Design of hourglass-lattice metastructure with near-zero thermal expansion using structural optimization method

Abstract

Zero thermal expansion (ZTE) is strongly demanded for critical components of spacecraft structures exposed to extreme temperature variations in space. In this paper, a lattice metastructure with near-ZTE is numerically achieved by structural optimization method. A sandwich panel with one single layer of hourglass-type lattice cells with variable cross-sectional and bi-material beams are assembled to produce either positive or negative thermal expansion (PTE or NTE). Then, a multilayered construction of metastructures is proposed by the combination of both PTE and NTE layers to realize the overall behaviors of near-zero deformation.
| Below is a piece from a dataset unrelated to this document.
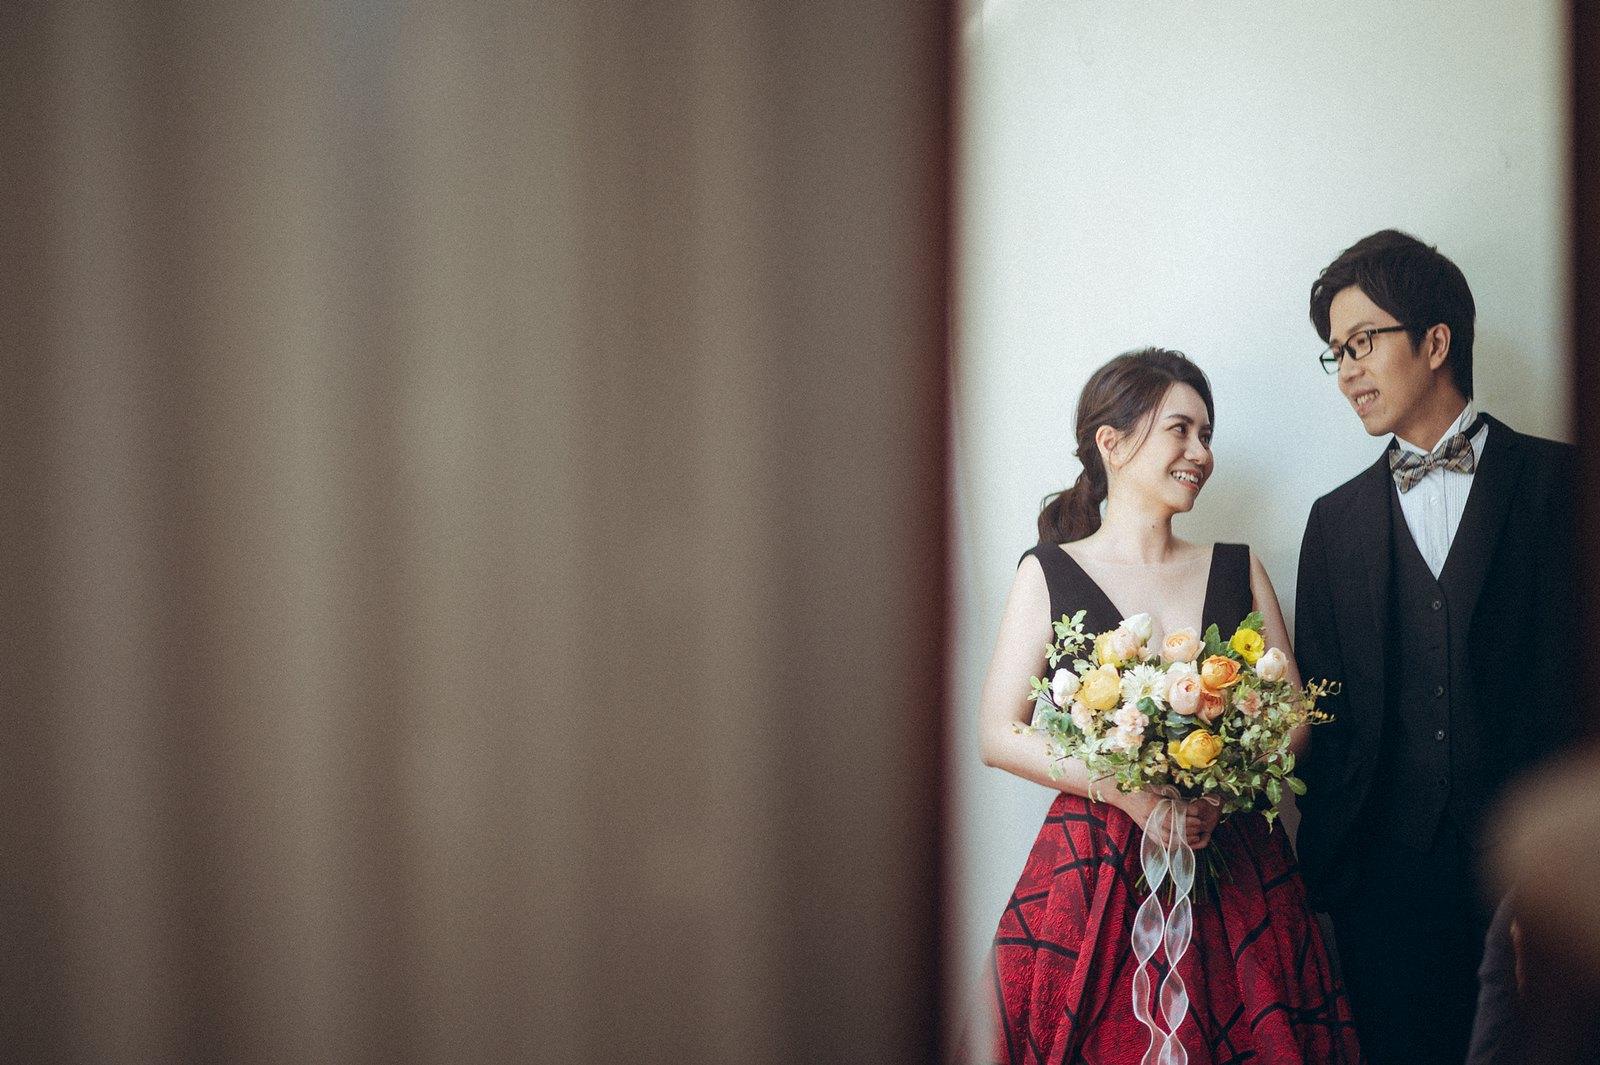 【婚紗】Cassie & JoJo / 眷村婚紗 / F&P studio
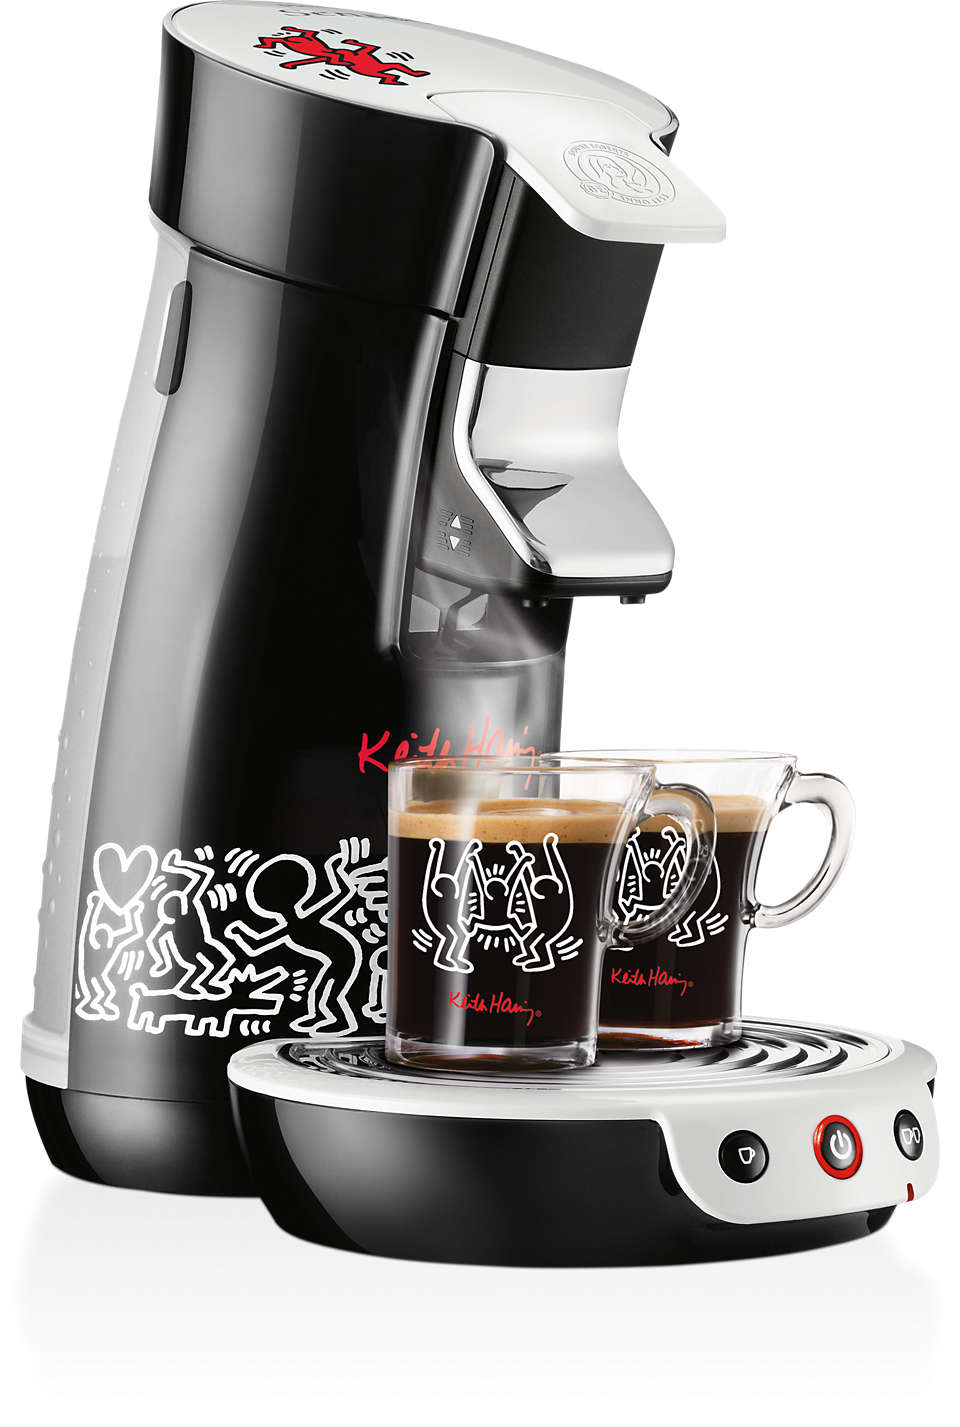 Káva Gourmet jednoduše

The structural optimization with the gradient-based algorithm is utilized to obtain an extreme low value of coefficient of thermal expansion (∼10-9 /K). The shape constraint is adopted to regulate the thermal deformation of contact surfaces of each layer. Furthermore, bi-material prototypes with nylon and short carbon fiber reinforced composites are fabricated and tested, and the results demonstrate a NTE value of −6.32 × 10-5 /K, PTE value of + 1.28 × 10-4 /K, and ZTE value of 2.53 × 10-6 /K. This agrees well with the optimization result. Overall, the proposed hourglass-lattice metastructure with a high thermal stability is a promising solution to enable large-scale space structures such as space telescope, antenna, and radar, etc.